The entire experiment, including pretest, interaction task, and posttest, took about 1 h for each participant to complete.

2.3. Phase II: Alignment assessment

Participants.

One hundred undergraduates from the University of California, Riverside Human Subjects Pool (seventy-one female, age range 17 – 34 years) acted as naive raters.

Materials.

Utterances of the nine token items used in the interactive task were isolated out of each interlocutor’s digital recordings using Final Cut Pro 5. Pretest and posttest tokens were taken from the repeated carrier phrase utterances. Tokens taken during the interaction task were isolated out of the end-clause of each token item uttered last during the 20 min interaction (Pardo 2006).

Procedure.

Using an AXB paradigm, raters were tasked with making one of two comparisons. One group of raters, n = 50, compared an interlocutor’s last-interaction-utterance token with their partner’s pretest and last-interaction-utterance token. For example: A = (I₁’s pretest token ‘paperclip’), X = (I₂’s last-interaction-utterance token ‘paperclip’), B = (I₁’s last-interaction-utterance token ‘paperclip’). This pretest-to-interaction-utterance AXB comparison was borrowed from Pardo (2006), and tests whether interlocutors’ utterances sound more like each other as they interact, relative to utterances they produce on their own, before interacting.
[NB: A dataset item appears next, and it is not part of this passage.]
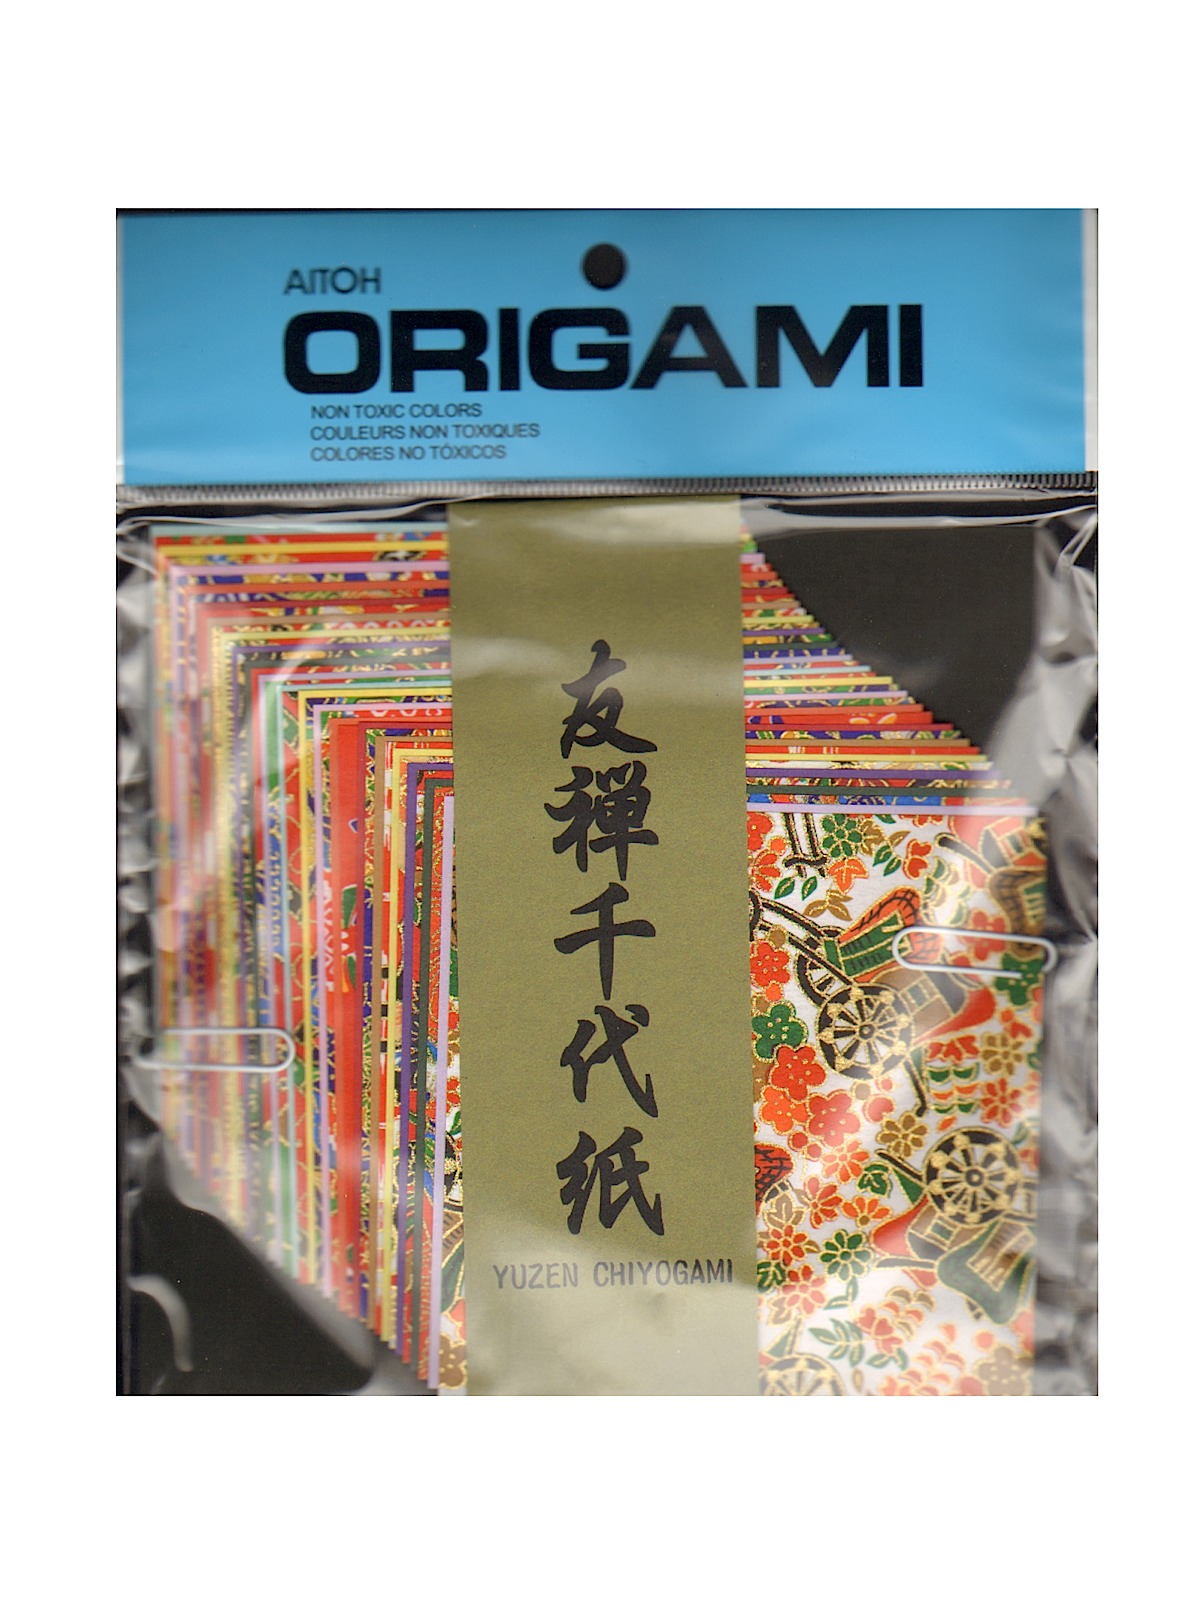 Origami Paper 4 1 2 In. X 4 1 2 In. Yusen Chiyogami Washi 40 Sheets
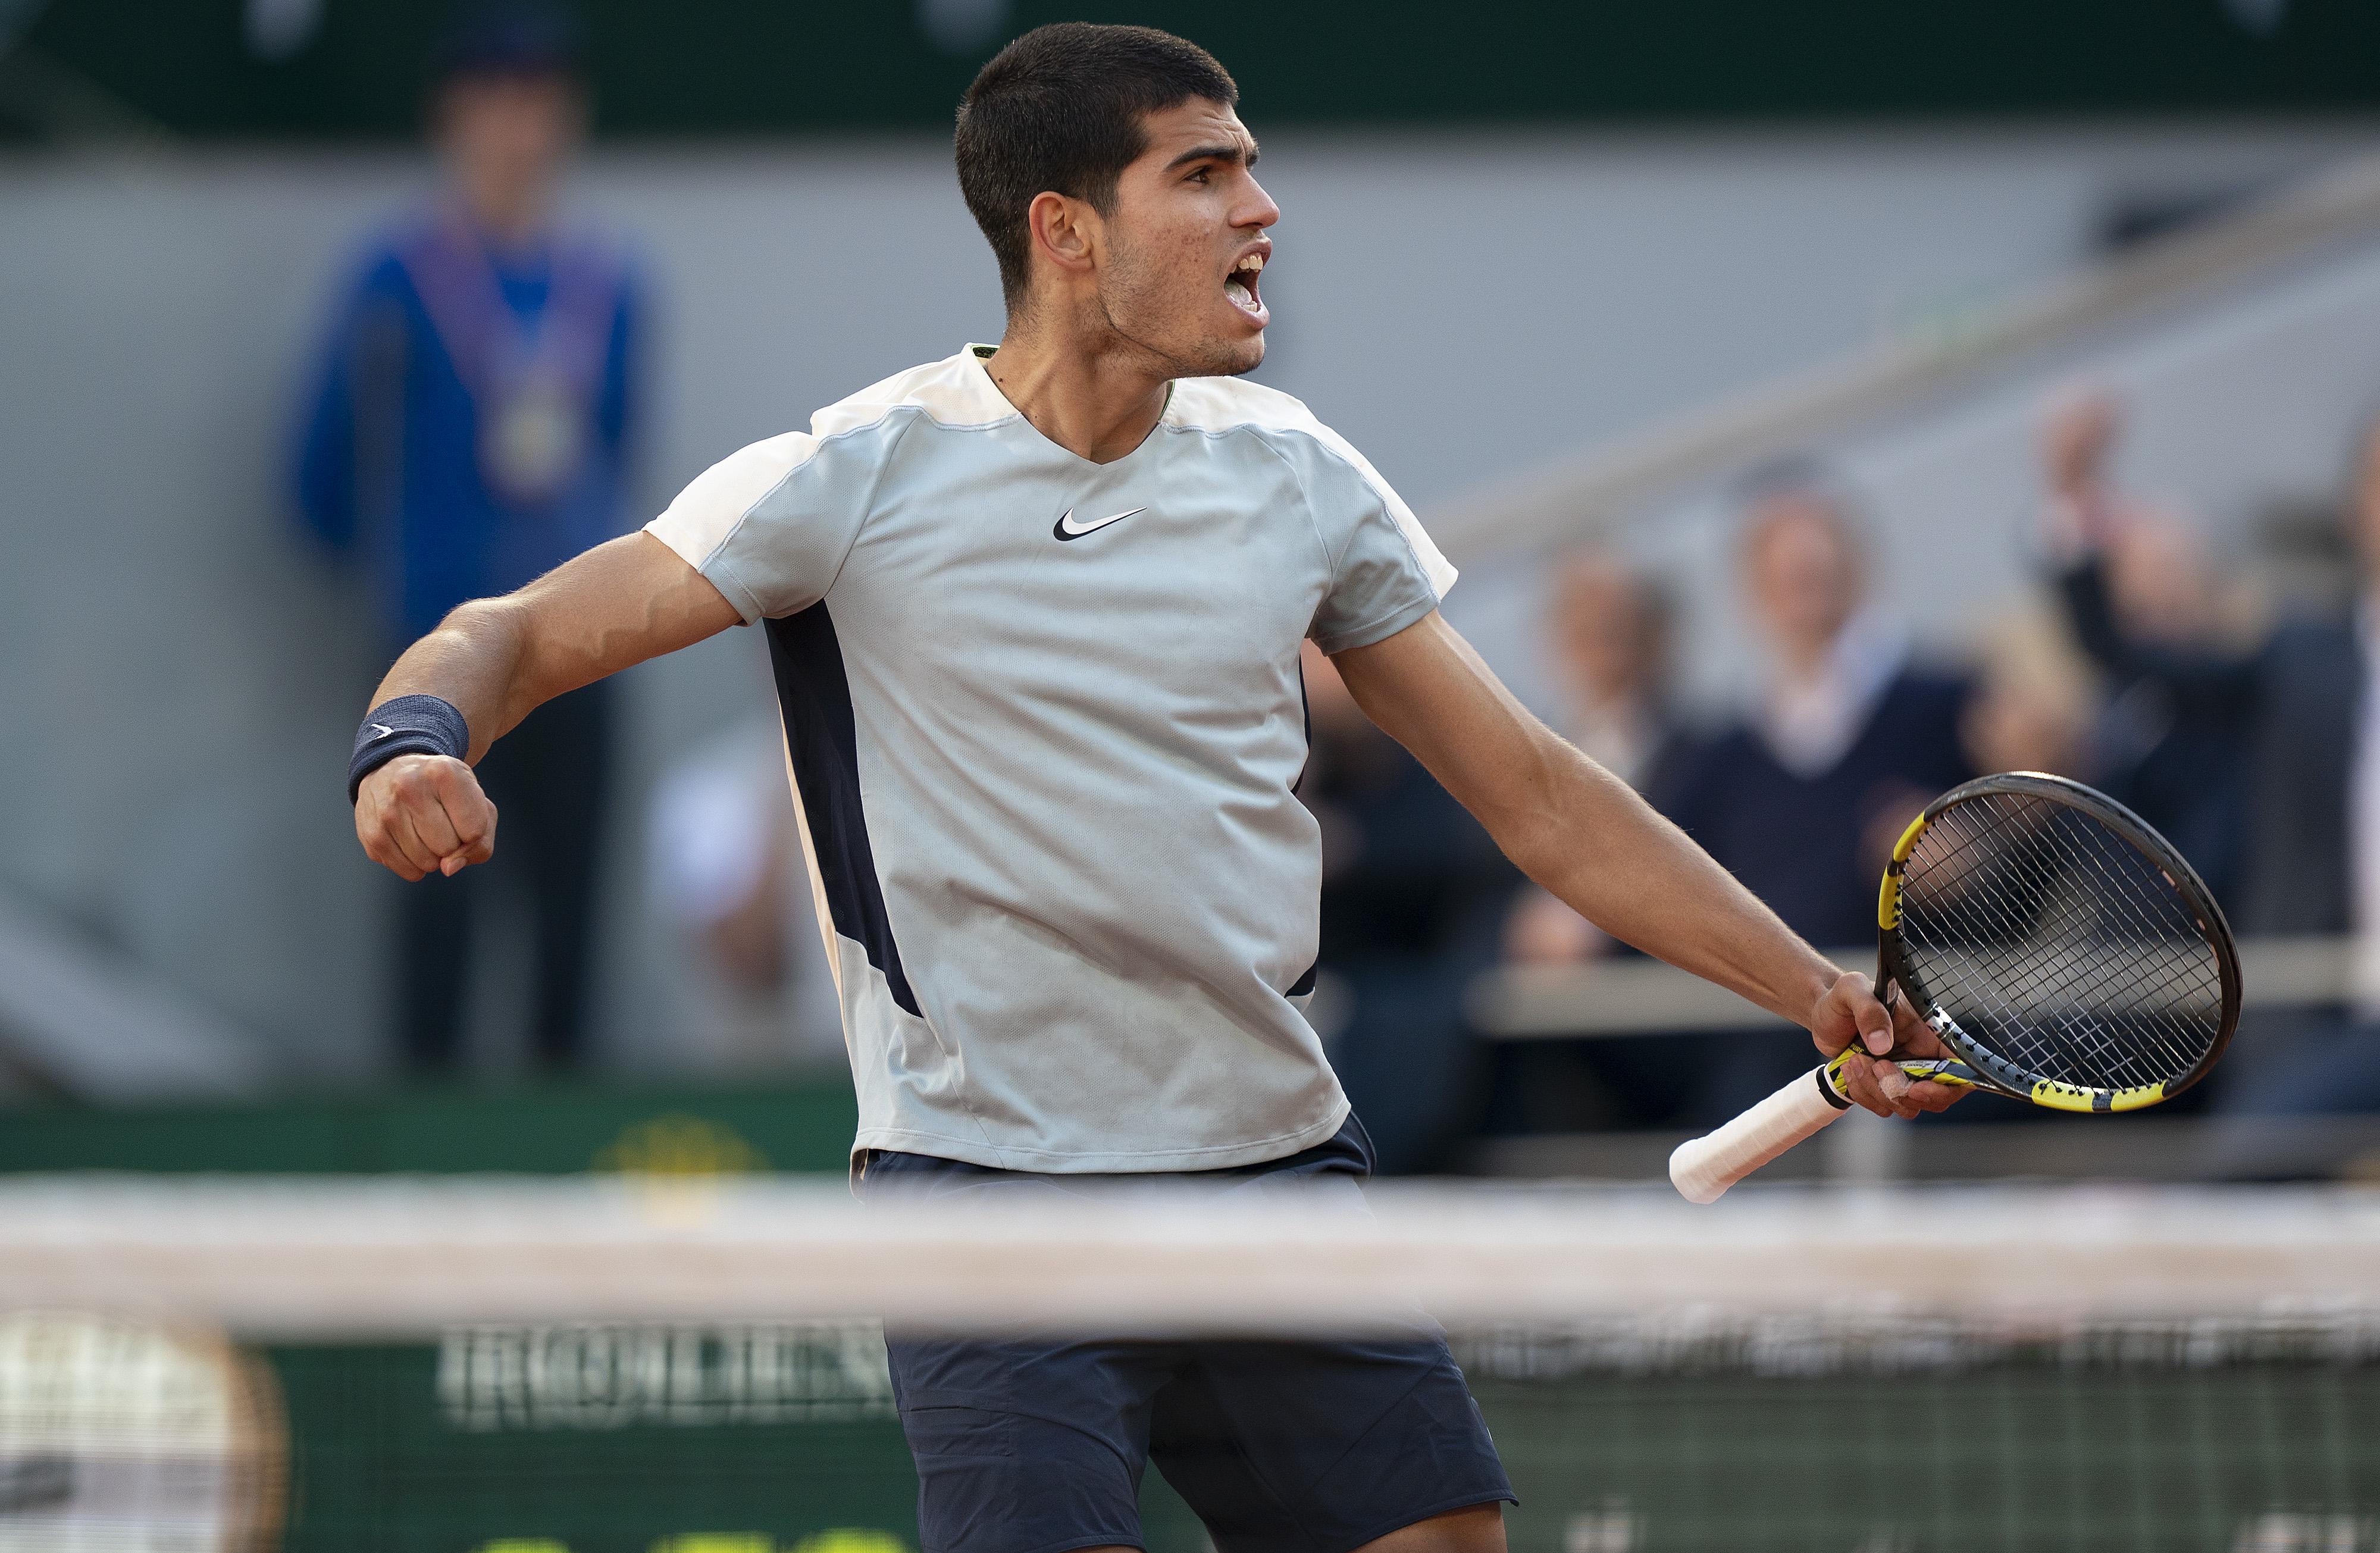 Oscar Otte vs Carlos Alcaraz Odds, Prediction and Betting Trends for 2022 Wimbledon Men's Round 3 Match

The other group, n = 50, compared an interlocutor’s posttest tokens with their partner’s pretest and posttest tokens. For example, A = (I₁’s pretest token ‘paperclip’), X = (I₂ ‘s posttest token ‘paperclip’), B = (I₁’s posttest token ‘paperclip’). This pretest-to-posttest-utterance AXB comparison was not conducted by Pardo (2006), but was designed to act as a control to ensure that ratings of similarity for the pretest-to-interaction comparison were not simply the result of putative differences between prompted and spontaneous speech. Given that pretest and posttest utterances are both prompted stimuli, then finding greater similarity across interlocutors’ posttest tokens could not be attributable to ‘instructed’ differences behind the utterances (spontaneous versus prompted). In addition, finding greater rated similarity for posttest tokens would suggest that interlocutors’ alignment actually lasted after the interaction itself was completed, for at least a brief period.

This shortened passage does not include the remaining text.